As I think about the year to come, I pray that my depth of knowledge increases tenfold in my relationships this year. With God. And with you. If you are reading this, I “know” you. And knowing you means I’m praying for you. May God bless you and may you get to know Him better and better every day.

Knowing you makes me a better person. Thanks for being in my life however it is that I know you.

Happy birthday to me! (Spices and gold are still appreciated!)
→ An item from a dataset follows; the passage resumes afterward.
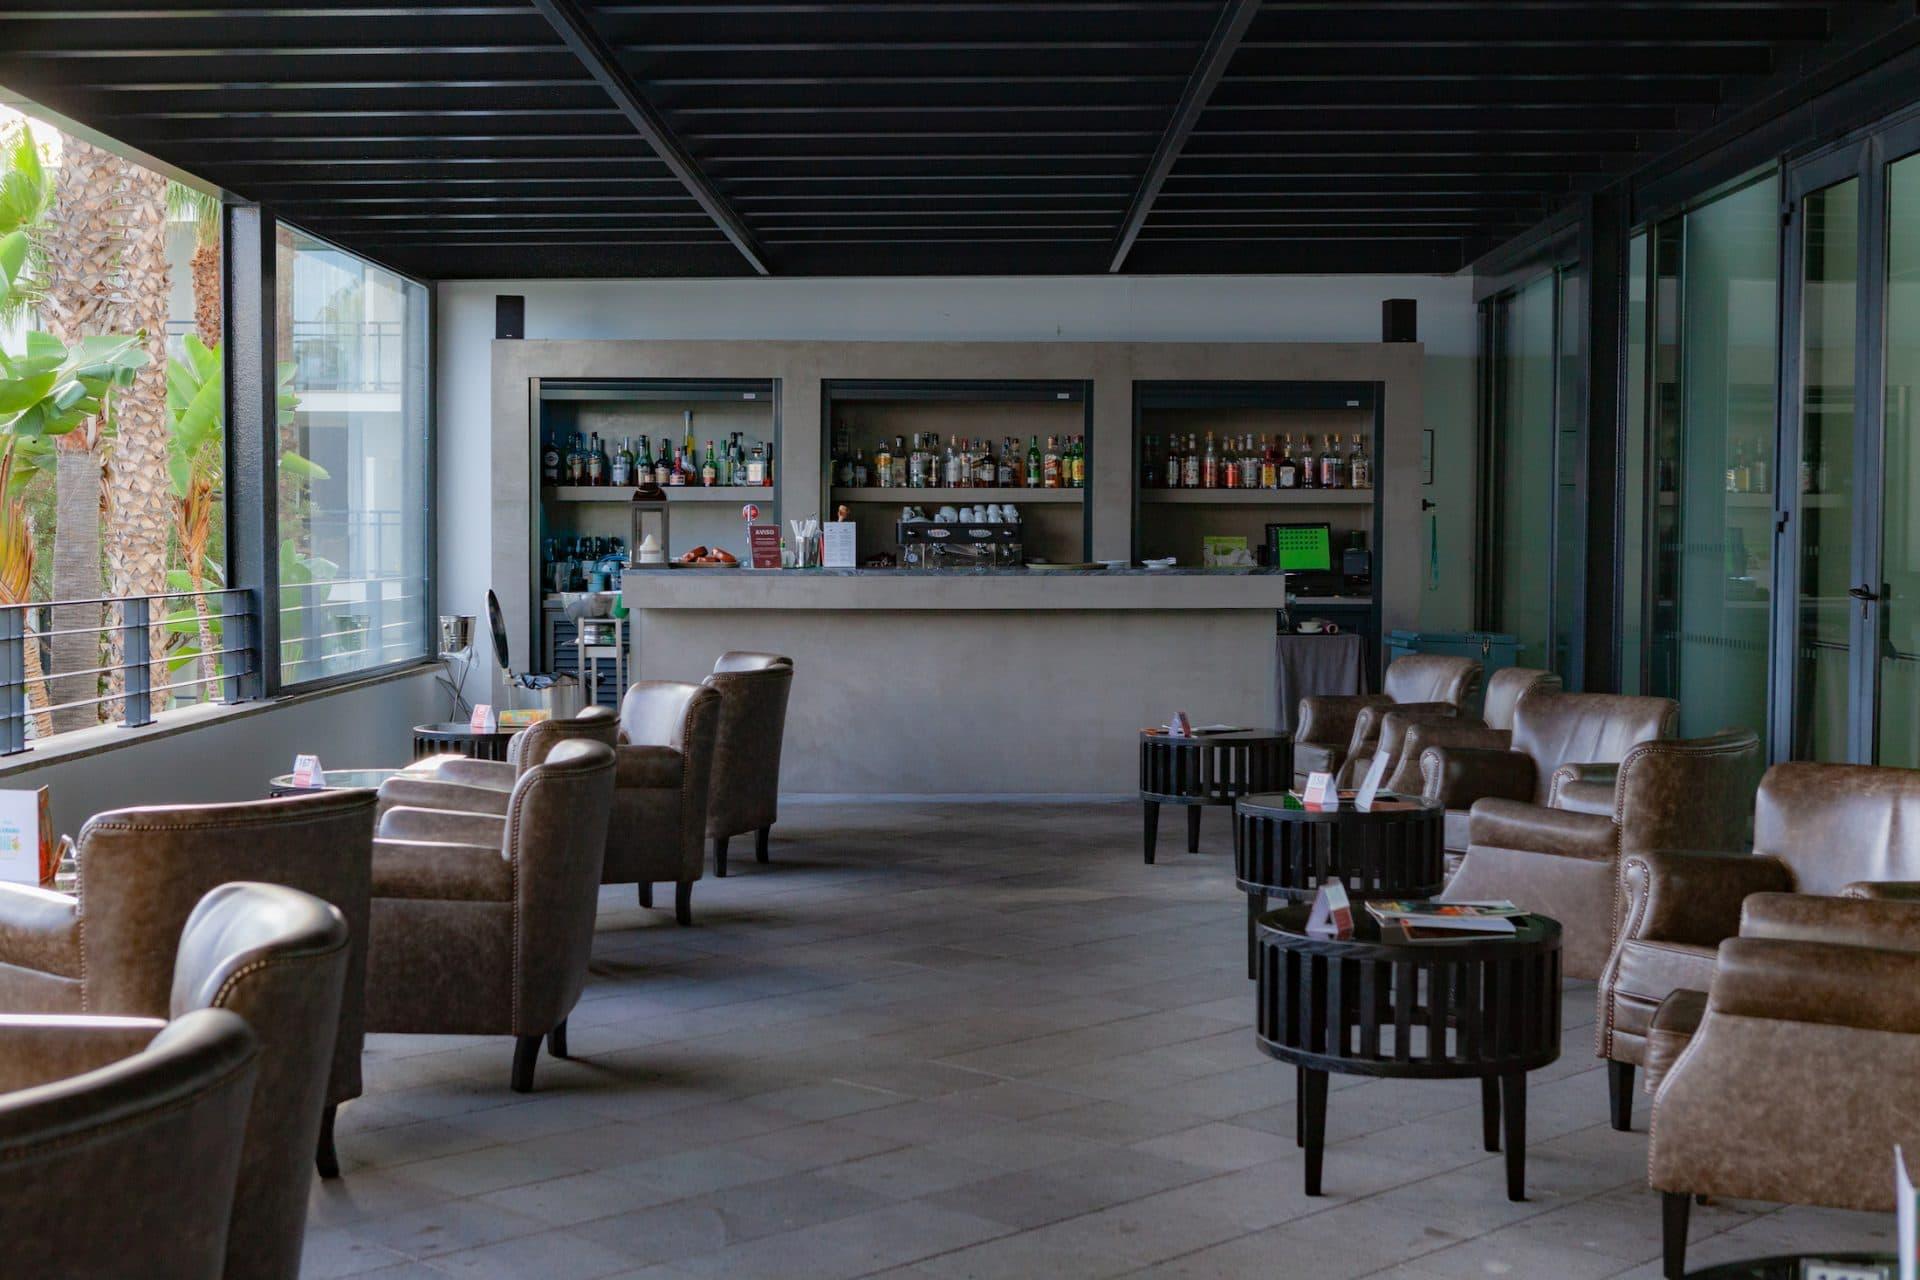 ocean-lounge-bar-space-VidaMar-Hotels-Resorts-Madeira

Gray hair is a crown of glory; it is gained by living a godly life.
Proverbs 16:31 NLT

Austria, Here We Come


Today we head for the Minneapolis Airport to fly across the ocean to see the if the hills are truly alive with the sound of music. They will soon be alive with Minnesota teenagers!

I am a chaperone for the Shakopee High School band as they tour Germany and Austria and play three concerts in the land where Mozart was born and composed amazing music. There are more than one hundred of us traipsing over there together. Exciting. Crazy. Once-in-a-lifetime. Pray for us!

I was going to start a new blog for the trip, but how much can I blog in one week? So I decided to put the posts all right here.  So come back often and check it out. There should be photos from Rothenburg, Munich, Salzburg, Innsbruck. Stories. Exhaustion. Cries for help.

I can’t wait.


Rothenburg, Germany, our first stop.

I am with you, and I will protect you wherever you go.